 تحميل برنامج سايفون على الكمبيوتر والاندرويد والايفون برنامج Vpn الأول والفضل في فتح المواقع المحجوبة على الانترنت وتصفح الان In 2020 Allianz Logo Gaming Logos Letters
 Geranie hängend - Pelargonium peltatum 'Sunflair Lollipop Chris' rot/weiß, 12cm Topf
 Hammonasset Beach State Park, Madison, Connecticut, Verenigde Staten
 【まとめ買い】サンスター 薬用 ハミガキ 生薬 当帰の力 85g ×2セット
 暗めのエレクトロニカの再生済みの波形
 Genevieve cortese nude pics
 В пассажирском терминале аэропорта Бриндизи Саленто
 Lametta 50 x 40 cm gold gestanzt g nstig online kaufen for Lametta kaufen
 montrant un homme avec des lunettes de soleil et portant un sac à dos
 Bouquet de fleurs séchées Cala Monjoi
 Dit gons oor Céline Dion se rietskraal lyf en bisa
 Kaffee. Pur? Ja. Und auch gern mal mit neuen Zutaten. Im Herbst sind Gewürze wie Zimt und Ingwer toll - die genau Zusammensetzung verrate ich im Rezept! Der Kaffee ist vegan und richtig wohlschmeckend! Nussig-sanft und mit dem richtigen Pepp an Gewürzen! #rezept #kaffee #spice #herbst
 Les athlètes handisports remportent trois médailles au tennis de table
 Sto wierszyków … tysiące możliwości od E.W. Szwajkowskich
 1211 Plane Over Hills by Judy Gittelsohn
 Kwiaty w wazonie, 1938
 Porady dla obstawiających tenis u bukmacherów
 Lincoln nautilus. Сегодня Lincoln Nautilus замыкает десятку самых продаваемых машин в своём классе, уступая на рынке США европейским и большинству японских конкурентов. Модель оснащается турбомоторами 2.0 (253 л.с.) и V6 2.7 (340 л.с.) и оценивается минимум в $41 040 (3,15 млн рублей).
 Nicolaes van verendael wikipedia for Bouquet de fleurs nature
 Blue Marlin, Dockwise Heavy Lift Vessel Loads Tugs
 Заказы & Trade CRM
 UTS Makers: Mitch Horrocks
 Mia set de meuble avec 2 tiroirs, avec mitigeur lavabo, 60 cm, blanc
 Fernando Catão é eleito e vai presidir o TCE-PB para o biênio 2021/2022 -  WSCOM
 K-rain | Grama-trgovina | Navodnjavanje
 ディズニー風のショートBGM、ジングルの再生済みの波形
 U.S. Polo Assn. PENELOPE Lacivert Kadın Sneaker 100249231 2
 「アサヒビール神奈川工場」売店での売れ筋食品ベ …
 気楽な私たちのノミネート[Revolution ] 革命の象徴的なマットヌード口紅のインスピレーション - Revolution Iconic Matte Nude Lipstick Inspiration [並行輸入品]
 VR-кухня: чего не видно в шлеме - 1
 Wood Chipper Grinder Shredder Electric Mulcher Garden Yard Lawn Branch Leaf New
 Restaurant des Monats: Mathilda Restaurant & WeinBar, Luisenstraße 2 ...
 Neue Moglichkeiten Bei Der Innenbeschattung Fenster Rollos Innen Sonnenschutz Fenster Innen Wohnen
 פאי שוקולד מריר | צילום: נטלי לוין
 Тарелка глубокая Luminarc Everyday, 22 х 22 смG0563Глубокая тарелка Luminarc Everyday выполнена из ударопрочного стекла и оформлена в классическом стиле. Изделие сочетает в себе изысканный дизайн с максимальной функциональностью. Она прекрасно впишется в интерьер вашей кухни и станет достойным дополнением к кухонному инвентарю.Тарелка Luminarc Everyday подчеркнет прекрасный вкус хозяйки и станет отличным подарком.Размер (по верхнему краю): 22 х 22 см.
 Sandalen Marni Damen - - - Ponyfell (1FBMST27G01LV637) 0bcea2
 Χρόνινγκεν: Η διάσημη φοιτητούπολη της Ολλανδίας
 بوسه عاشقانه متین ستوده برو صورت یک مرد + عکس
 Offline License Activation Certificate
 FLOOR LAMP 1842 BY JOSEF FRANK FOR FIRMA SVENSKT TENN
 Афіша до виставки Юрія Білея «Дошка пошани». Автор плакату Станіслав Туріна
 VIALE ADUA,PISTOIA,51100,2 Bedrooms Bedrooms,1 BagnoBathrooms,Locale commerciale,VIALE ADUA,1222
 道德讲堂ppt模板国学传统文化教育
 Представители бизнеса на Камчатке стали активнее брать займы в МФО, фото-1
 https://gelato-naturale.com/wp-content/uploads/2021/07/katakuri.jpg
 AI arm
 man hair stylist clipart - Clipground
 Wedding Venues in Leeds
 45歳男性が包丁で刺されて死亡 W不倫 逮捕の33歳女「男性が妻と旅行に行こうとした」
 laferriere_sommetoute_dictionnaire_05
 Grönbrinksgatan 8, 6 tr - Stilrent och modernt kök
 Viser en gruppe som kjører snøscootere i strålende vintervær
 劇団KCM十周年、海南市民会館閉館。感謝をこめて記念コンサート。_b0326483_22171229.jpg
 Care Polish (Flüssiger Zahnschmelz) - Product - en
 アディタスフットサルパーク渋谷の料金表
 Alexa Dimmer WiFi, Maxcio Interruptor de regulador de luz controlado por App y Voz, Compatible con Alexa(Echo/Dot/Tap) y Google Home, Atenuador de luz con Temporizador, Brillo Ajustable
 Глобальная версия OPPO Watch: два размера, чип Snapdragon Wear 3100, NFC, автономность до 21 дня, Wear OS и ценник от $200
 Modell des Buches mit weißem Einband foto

Exercise instructions -
Copy every record exactly.

Answer to the problem -
 تحميل برنامج سايفون على الكمبيوتر والاندرويد والايفون برنامج Vpn الأول والفضل في فتح المواقع المحجوبة على الانترنت وتصفح الان In 2020 Allianz Logo Gaming Logos Letters
 Geranie hängend - Pelargonium peltatum 'Sunflair Lollipop Chris' rot/weiß, 12cm Topf
 Hammonasset Beach State Park, Madison, Connecticut, Verenigde Staten
 【まとめ買い】サンスター 薬用 ハミガキ 生薬 当帰の力 85g ×2セット
 暗めのエレクトロニカの再生済みの波形
 Genevieve cortese nude pics
 В пассажирском терминале аэропорта Бриндизи Саленто
 Lametta 50 x 40 cm gold gestanzt g nstig online kaufen for Lametta kaufen
 montrant un homme avec des lunettes de soleil et portant un sac à dos
 Bouquet de fleurs séchées Cala Monjoi
 Dit gons oor Céline Dion se rietskraal lyf en bisa
 Kaffee. Pur? Ja. Und auch gern mal mit neuen Zutaten. Im Herbst sind Gewürze wie Zimt und Ingwer toll - die genau Zusammensetzung verrate ich im Rezept! Der Kaffee ist vegan und richtig wohlschmeckend! Nussig-sanft und mit dem richtigen Pepp an Gewürzen! #rezept #kaffee #spice #herbst
 Les athlètes handisports remportent trois médailles au tennis de table
 Sto wierszyków … tysiące możliwości od E.W. Szwajkowskich
 1211 Plane Over Hills by Judy Gittelsohn
 Kwiaty w wazonie, 1938
 Porady dla obstawiających tenis u bukmacherów
 Lincoln nautilus. Сегодня Lincoln Nautilus замыкает десятку самых продаваемых машин в своём классе, уступая на рынке США европейским и большинству японских конкурентов. Модель оснащается турбомоторами 2.0 (253 л.с.) и V6 2.7 (340 л.с.) и оценивается минимум в $41 040 (3,15 млн рублей).
 Nicolaes van verendael wikipedia for Bouquet de fleurs nature
 Blue Marlin, Dockwise Heavy Lift Vessel Loads Tugs
 Заказы & Trade CRM
 UTS Makers: Mitch Horrocks
 Mia set de meuble avec 2 tiroirs, avec mitigeur lavabo, 60 cm, blanc
 Fernando Catão é eleito e vai presidir o TCE-PB para o biênio 2021/2022 -  WSCOM
 K-rain | Grama-trgovina | Navodnjavanje
 ディズニー風のショートBGM、ジングルの再生済みの波形
 U.S. Polo Assn. PENELOPE Lacivert Kadın Sneaker 100249231 2
 「アサヒビール神奈川工場」売店での売れ筋食品ベ …
 気楽な私たちのノミネート[Revolution ] 革命の象徴的なマットヌード口紅のインスピレーション - Revolution Iconic Matte Nude Lipstick Inspiration [並行輸入品]
 VR-кухня: чего не видно в шлеме - 1
 Wood Chipper Grinder Shredder Electric Mulcher Garden Yard Lawn Branch Leaf New
 Restaurant des Monats: Mathilda Restaurant & WeinBar, Luisenstraße 2 ...
 Neue Moglichkeiten Bei Der Innenbeschattung Fenster Rollos Innen Sonnenschutz Fenster Innen Wohnen
 פאי שוקולד מריר | צילום: נטלי לוין
 Тарелка глубокая Luminarc Everyday, 22 х 22 смG0563Глубокая тарелка Luminarc Everyday выполнена из ударопрочного стекла и оформлена в классическом стиле. Изделие сочетает в себе изысканный дизайн с максимальной функциональностью. Она прекрасно впишется в интерьер вашей кухни и станет достойным дополнением к кухонному инвентарю.Тарелка Luminarc Everyday подчеркнет прекрасный вкус хозяйки и станет отличным подарком.Размер (по верхнему краю): 22 х 22 см.
 Sandalen Marni Damen - - - Ponyfell (1FBMST27G01LV637) 0bcea2
 Χρόνινγκεν: Η διάσημη φοιτητούπολη της Ολλανδίας
 بوسه عاشقانه متین ستوده برو صورت یک مرد + عکس
 Offline License Activation Certificate
 FLOOR LAMP 1842 BY JOSEF FRANK FOR FIRMA SVENSKT TENN
 Афіша до виставки Юрія Білея «Дошка пошани». Автор плакату Станіслав Туріна
 VIALE ADUA,PISTOIA,51100,2 Bedrooms Bedrooms,1 BagnoBathrooms,Locale commerciale,VIALE ADUA,1222
 道德讲堂ppt模板国学传统文化教育
 Представители бизнеса на Камчатке стали активнее брать займы в МФО, фото-1
 https://gelato-naturale.com/wp-content/uploads/2021/07/katakuri.jpg
 AI arm
 man hair stylist clipart - Clipground
 Wedding Venues in Leeds
 45歳男性が包丁で刺されて死亡 W不倫 逮捕の33歳女「男性が妻と旅行に行こうとした」
 laferriere_sommetoute_dictionnaire_05
 Grönbrinksgatan 8, 6 tr - Stilrent och modernt kök
 Viser en gruppe som kjører snøscootere i strålende vintervær
 劇団KCM十周年、海南市民会館閉館。感謝をこめて記念コンサート。_b0326483_22171229.jpg
 Care Polish (Flüssiger Zahnschmelz) - Product - en
 アディタスフットサルパーク渋谷の料金表
 Alexa Dimmer WiFi, Maxcio Interruptor de regulador de luz controlado por App y Voz, Compatible con Alexa(Echo/Dot/Tap) y Google Home, Atenuador de luz con Temporizador, Brillo Ajustable
 Глобальная версия OPPO Watch: два размера, чип Snapdragon Wear 3100, NFC, автономность до 21 дня, Wear OS и ценник от $200
 Modell des Buches mit weißem Einband foto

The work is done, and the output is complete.